_WORK TO COMPLETE_:
Every line below must be copied as written, except for pictures.

_DATA SHOWN_:
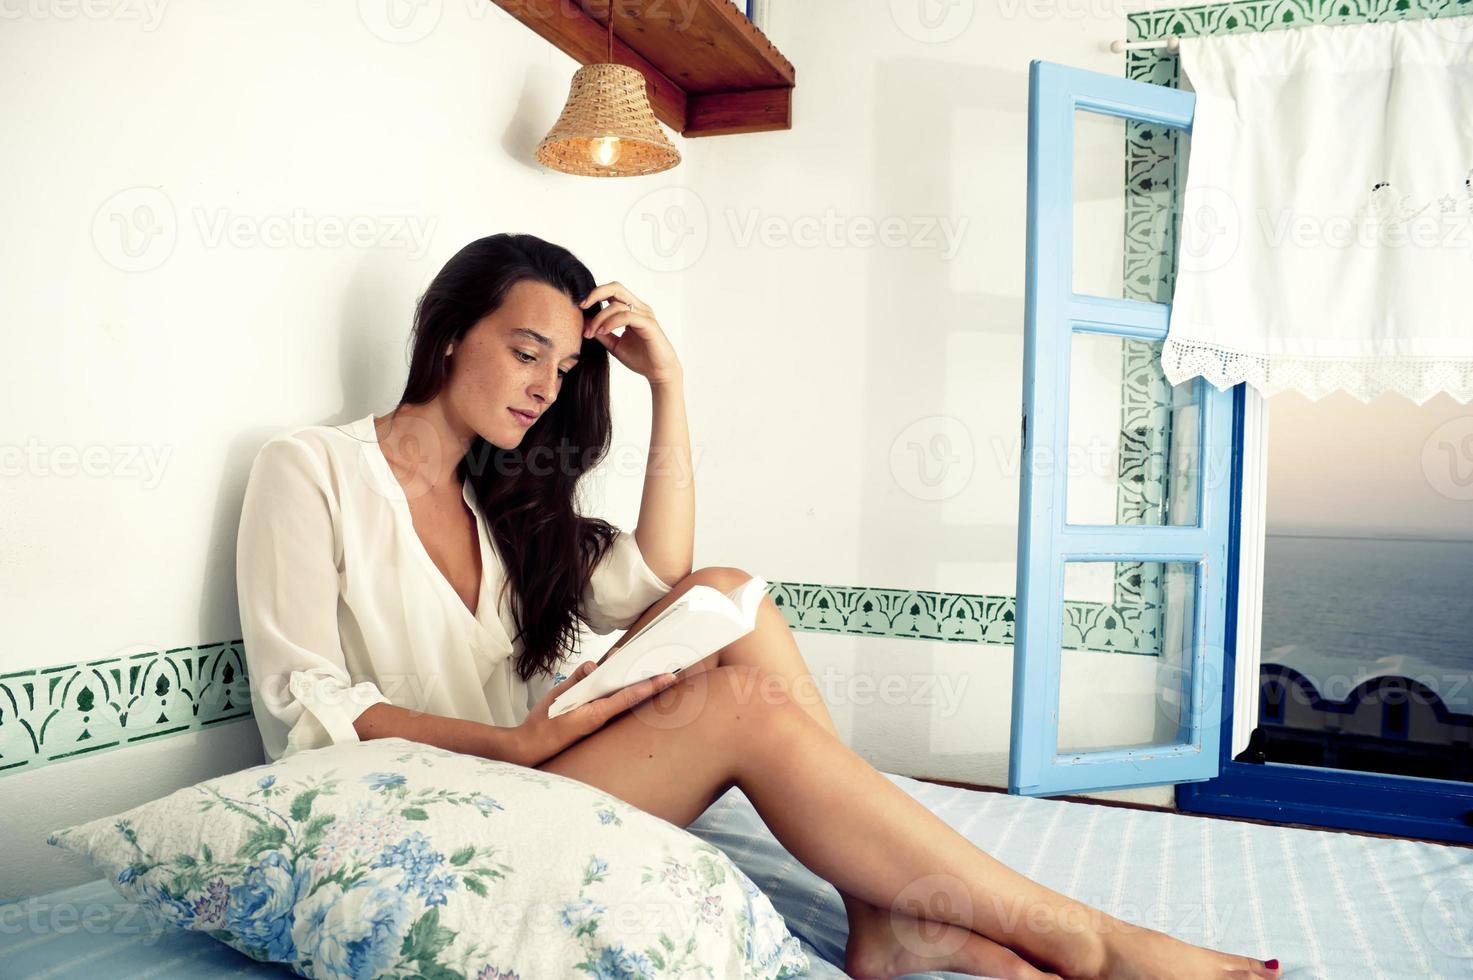 junges weibliches Lesebuch auf Bett foto
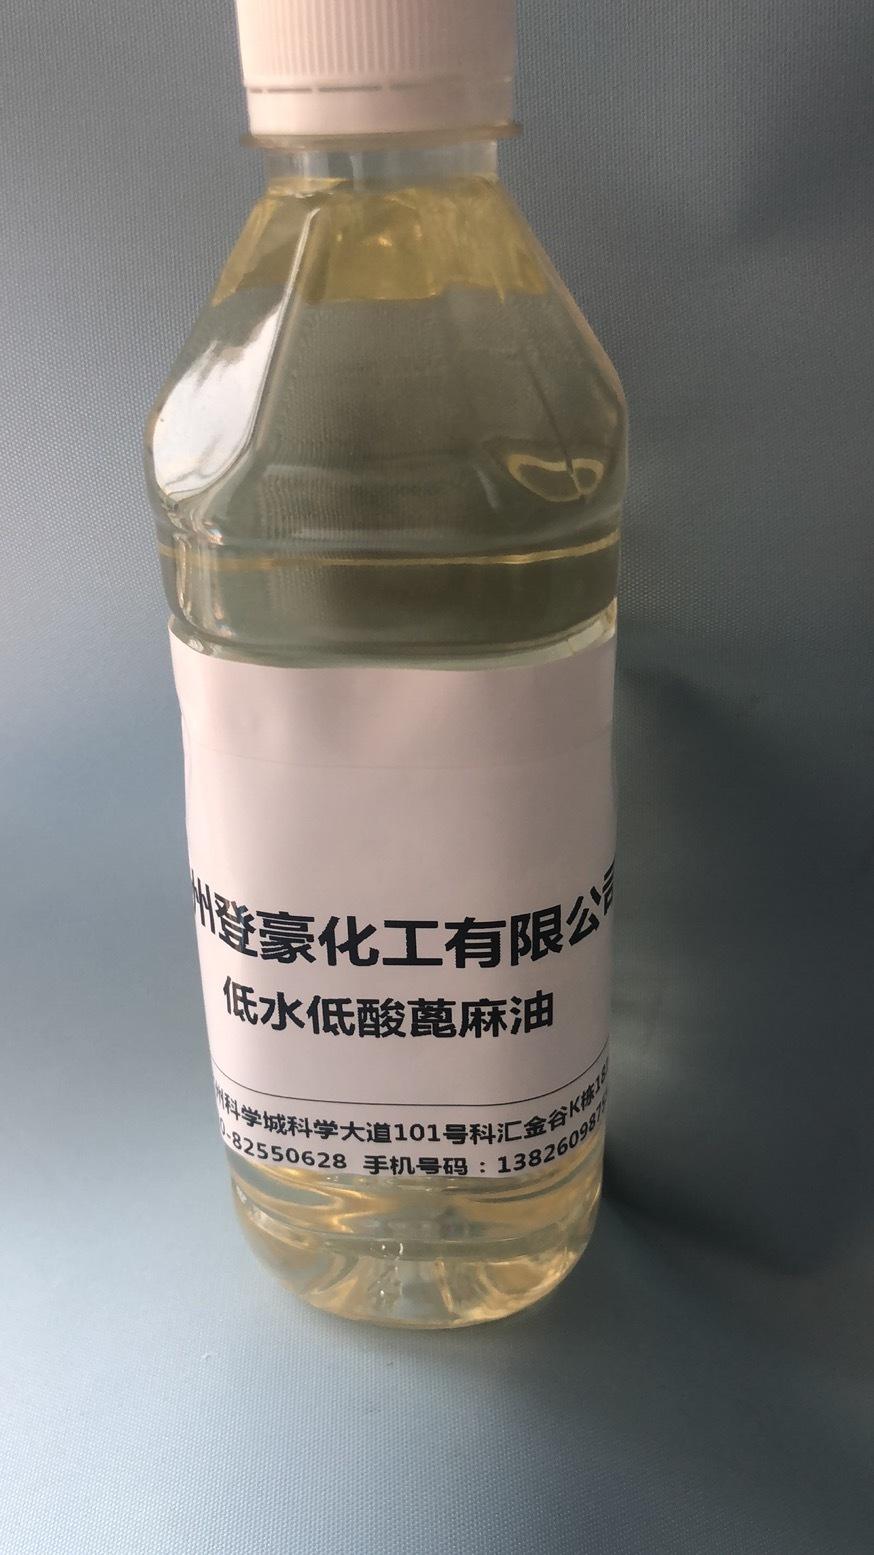 登豪油酸厂家的低水低酸蓖麻油产品
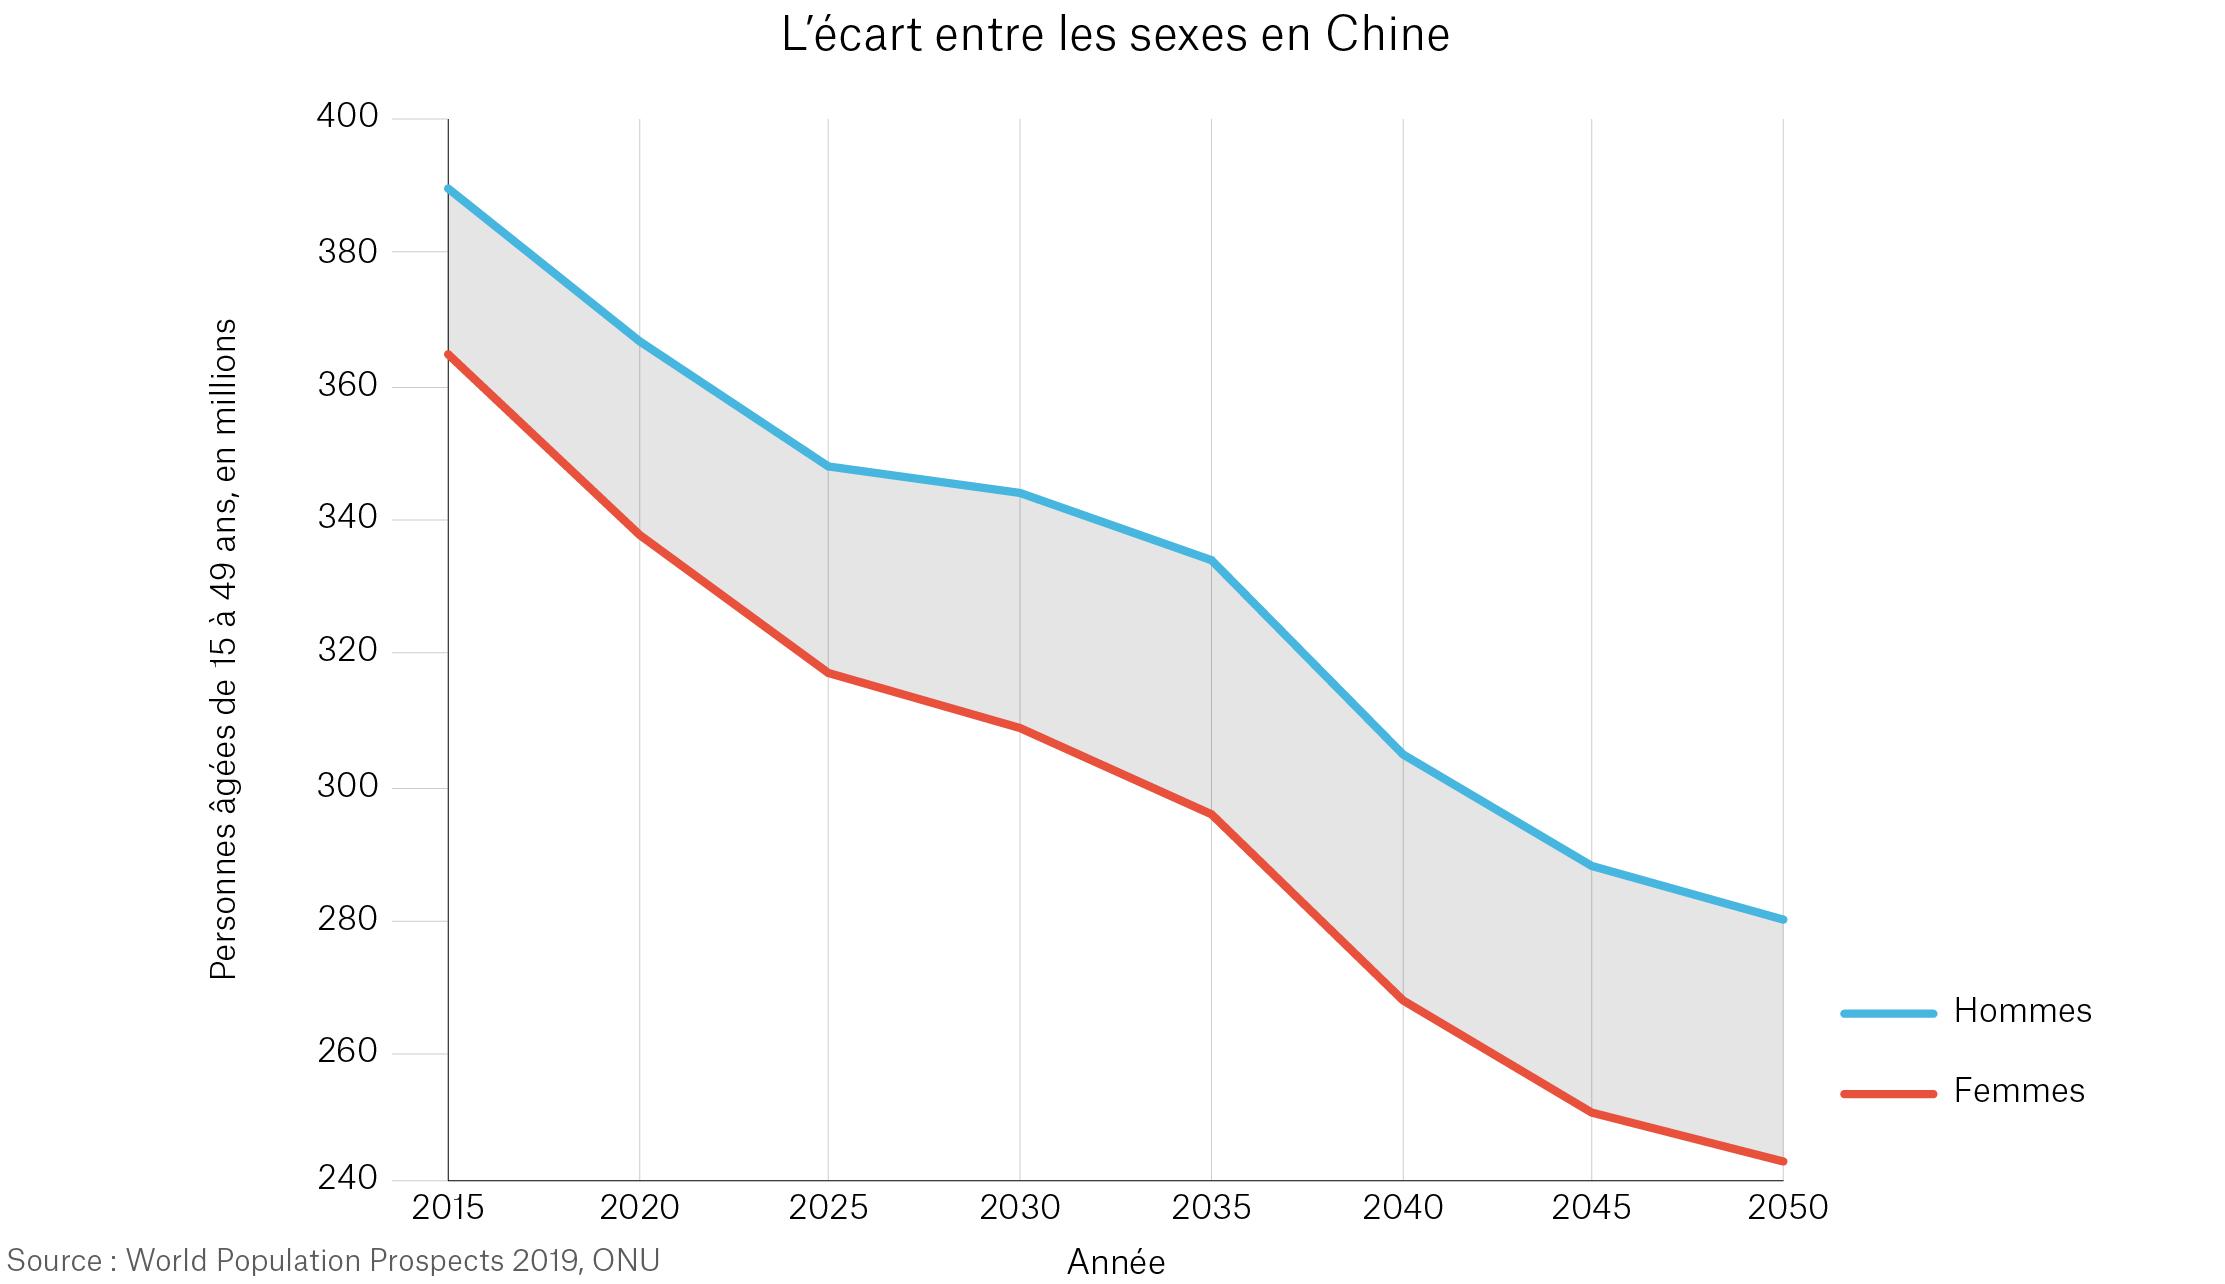 Graphique établi à partir de données de l'ONU montrant une projection de l'écart entre les sexes en Chine jusqu'en 2050 (Département d'État)
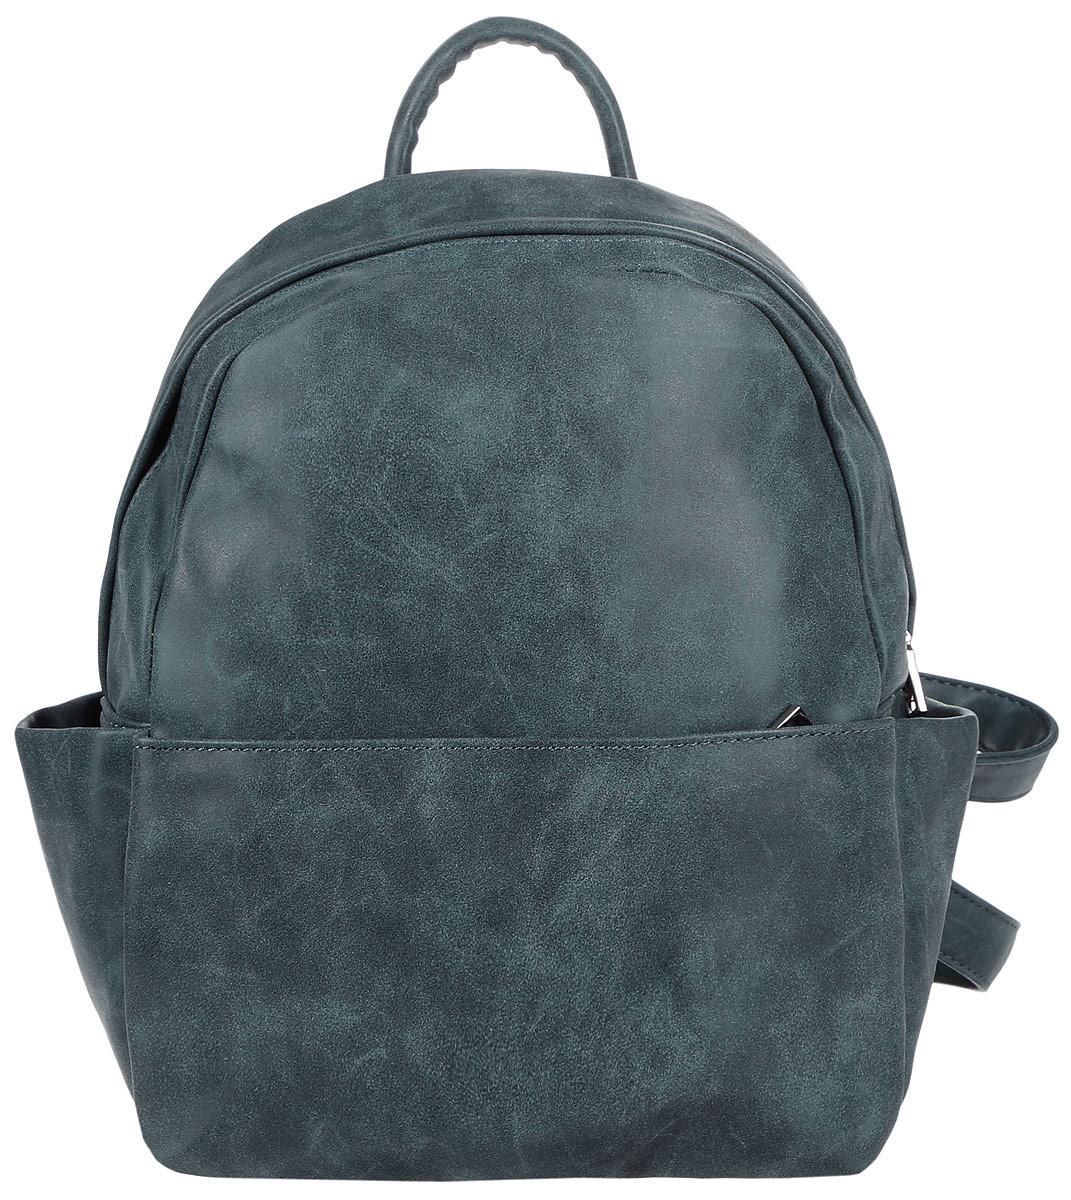 Рюкзак женский Orsa Oro, цвет: темно-бирюзовый. D-181/29D-181/29Стильный женский рюкзак Orsa Oro выполнен из экокожи. Рюкзак имеет одно основное отделение, которое закрывается на застежку-молнию. Внутри находятся прорезной карман на застежке-молнии и три накладных открытых кармана. Снаружи, на передней стенке находится нашивной карман на застежке-молнии, по бокам - накладные открытые карманы, на задней стенке - прорезной карман на застежке-молнии. Рюкзак оснащен лямками регулируемой длины и ручкой для переноски в руке.

_YOUR RESPONSE_:
 junges weibliches Lesebuch auf Bett foto
 登豪油酸厂家的低水低酸蓖麻油产品
 Graphique établi à partir de données de l'ONU montrant une projection de l'écart entre les sexes en Chine jusqu'en 2050 (Département d'État)
 Рюкзак женский Orsa Oro, цвет: темно-бирюзовый. D-181/29D-181/29Стильный женский рюкзак Orsa Oro выполнен из экокожи. Рюкзак имеет одно основное отделение, которое закрывается на застежку-молнию. Внутри находятся прорезной карман на застежке-молнии и три накладных открытых кармана. Снаружи, на передней стенке находится нашивной карман на застежке-молнии, по бокам - накладные открытые карманы, на задней стенке - прорезной карман на застежке-молнии. Рюкзак оснащен лямками регулируемой длины и ручкой для переноски в руке.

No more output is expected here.